Carraway C A, Carraway K L
J Supramol Struct. 1976;4(1):121-6. doi: 10.1002/jss.400040111.
The plant lectin concanavalin A (Con A) specifically inactivates the 5'-nucleotidase of a plasma membrane-enriched fraction from lactating mammary gland. The lectin also causes an activation of the membrane Mg++-ATPase, but does not affect galactosyltransferase or alkaline phosphatase. The enzyme perturbations are prevented by alpha-methylmannoside, an inhibitor of Con A binding, indicating that specific binding to carbohydrate structures rather than nonspecific protein-protein interaction is involved. Solubilization of the 5'-nucleotidase in detergents (0.2% Triton X-100 or 1% deoxycholate) does not prevent Con A inactivation, indicating that incorporation into the membrane structure is not a requirement for the Con A effect. the results suggest that Con A inactivates the 5'-nucleotidase by a direct interaction with the enzyme and that this enzyme is a Con A receptor site on the surface of mammary cells.

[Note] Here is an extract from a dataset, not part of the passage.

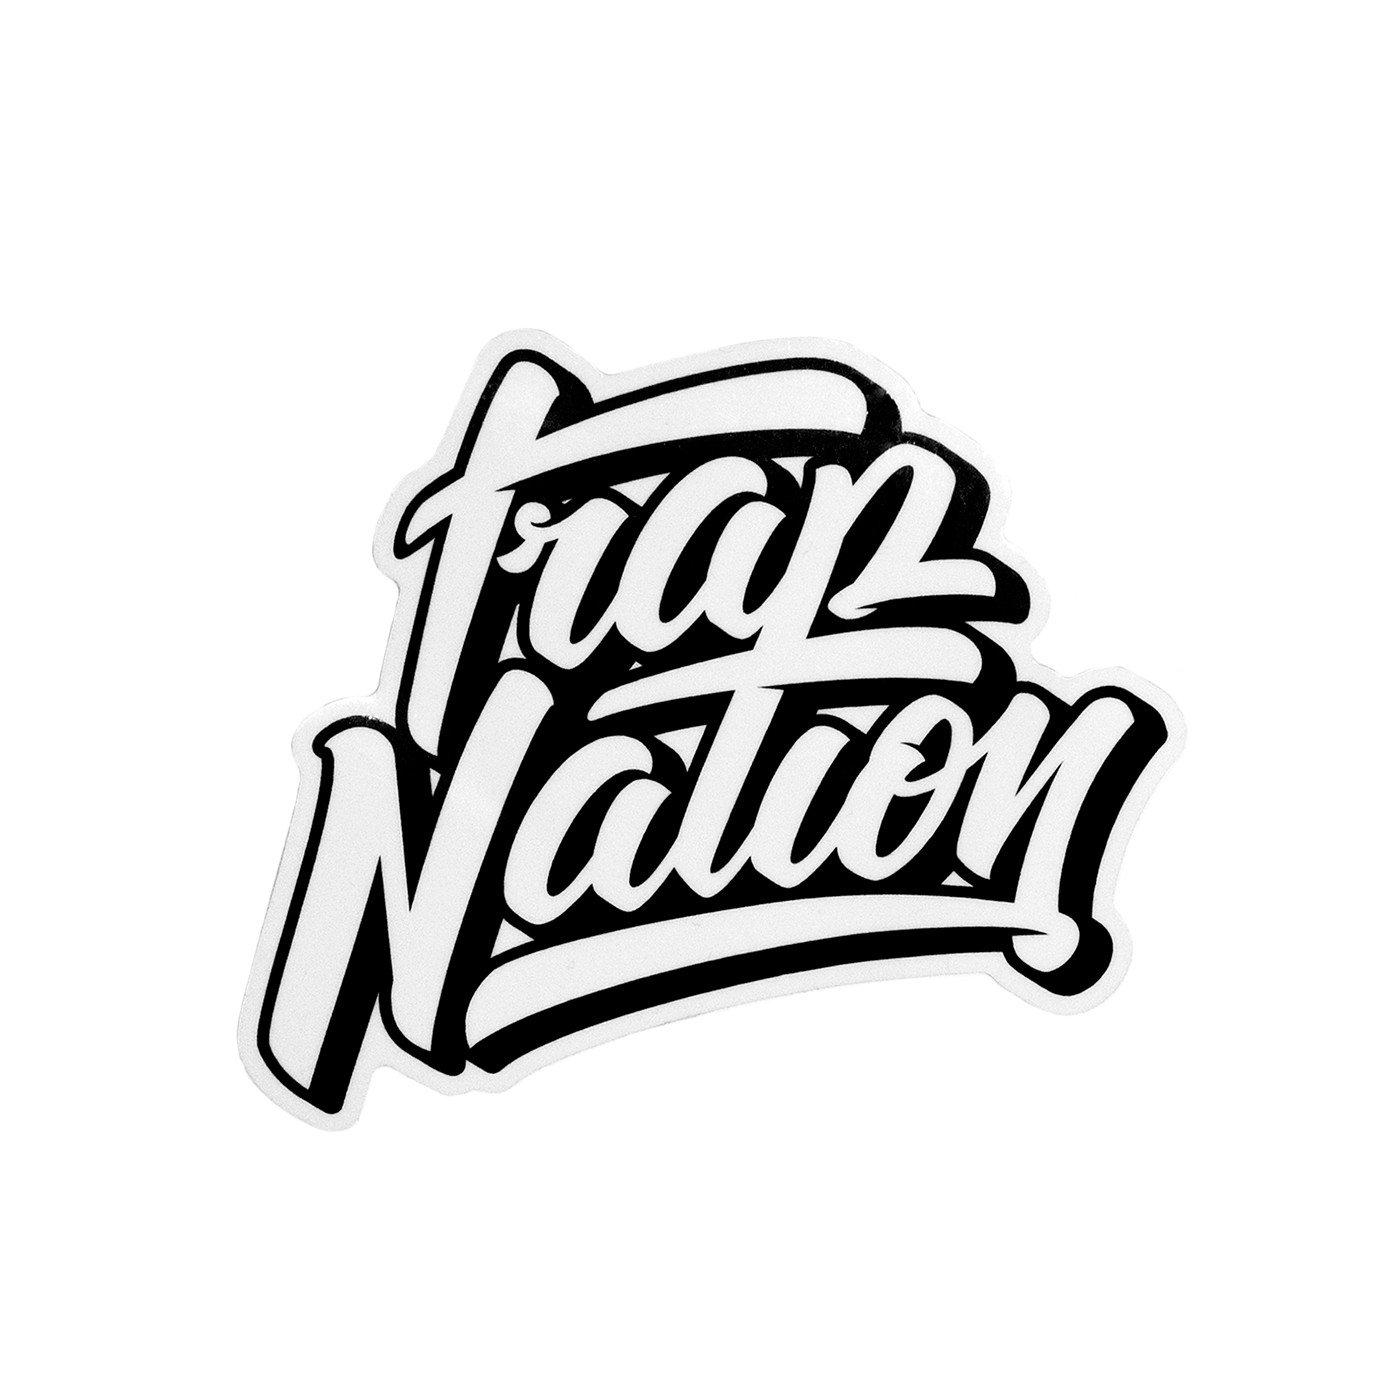 Trap Nation Logos

植物凝集素伴刀豆球蛋白A(Con A)能特异性地使来自泌乳乳腺富含质膜的部分中的5'-核苷酸酶失活。该凝集素还会引起膜Mg++-ATP酶的激活,但不影响半乳糖基转移酶或碱性磷酸酶。α-甲基甘露糖苷(Con A结合的抑制剂)可防止酶的扰动,这表明涉及与碳水化合物结构的特异性结合而非非特异性蛋白质-蛋白质相互作用。在去污剂(0.2% Triton X-100或1%脱氧胆酸盐)中溶解5'-核苷酸酶并不能阻止Con A使其失活,这表明整合到膜结构中并非Con A发挥作用的必要条件。结果表明,Con A通过与该酶直接相互作用使5'-核苷酸酶失活,并且这种酶是乳腺细胞表面的一个Con A受体位点。